On Thu, 13 Oct 2016, Prathamesh Kulkarni wrote:

On 12 October 2016 at 14:43, Richard Biener <rguenther@suse.de> wrote:
On Wed, 12 Oct 2016, Marc Glisse wrote:

On Wed, 12 Oct 2016, Prathamesh Kulkarni wrote:

I was having a look at PR71636 and added the following pattern to match.pd:
x & ((1U << b) - 1) -> x & ~(~0U << b)
However the transform is useful only if the target supports "andnot"
instruction.

rth was selling the transformation as a canonicalization, which is beneficial
when there is an andnot instruction, and neutral otherwise, so it could be
done always.

Well, its three instructions to three instructions and a more expensive
constant(?).  ~0U might not be available as immediate for the shift
instruction and 1U << b might be available as a bit-set instruction ...
(vs. the andnot).

True, I hadn't thought of bit-set.

So yes, we might decide to canonicalize to andnot (and decide that
three binary to two binary and one unary op is "better").

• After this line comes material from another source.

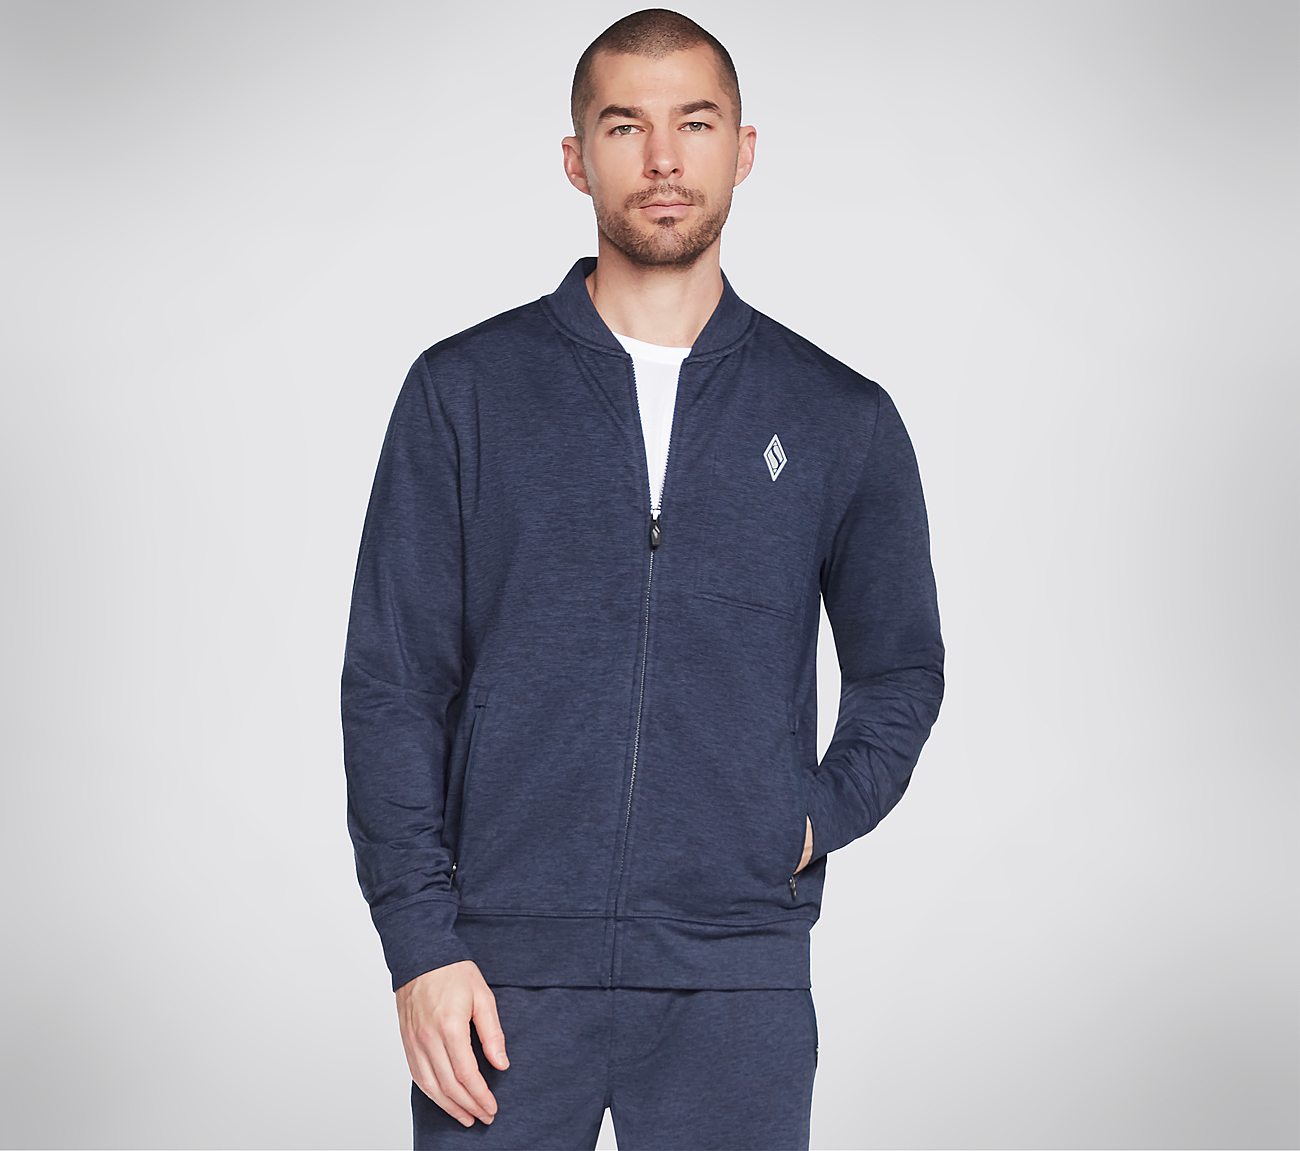 SKECH-KNITS ULTRA GO HOODLESS, NNNAVY Apparel Lateral View

So no excuse to explore the target specific .pd fragment idea ... :/
Hi,
I have attached patch that adds the transform.
Does that look OK ?

Why bit_not of build_zero_cst instead of build_all_ones_cst, as suggested in the PR? If we only do the transformation when (1<<b)-1 is fed to a bit_and, then we probably want to require that it has a single use (maybe even the shift).

I am not sure how to write test-cases for it though.
For the test-case:
unsigned f(unsigned x, unsigned b)
{
 unsigned t1 = 1U << b;
 unsigned t2 = t1 - 1;
 unsigned t3 = x & t2;
 return t3;
}

forwprop dump shows:
Applying pattern match.pd:523, gimple-match.c:47419
gimple_simplified to _6 = 4294967295 << b_1(D);
_8 = ~_6;
t3_5 = x_4(D) & _8;

I could scan for "_6 = 4294967295 << b_1(D);"  however I suppose
~0 would depend on width of int and not always be 4294967295 ?
Or should I scan for "_6 = 4294967295 << b_1(D);"
and add /* { dg-require-effective int32 } */  to the test-case ?

You could check that you have ~, or that you don't have " 1 << ".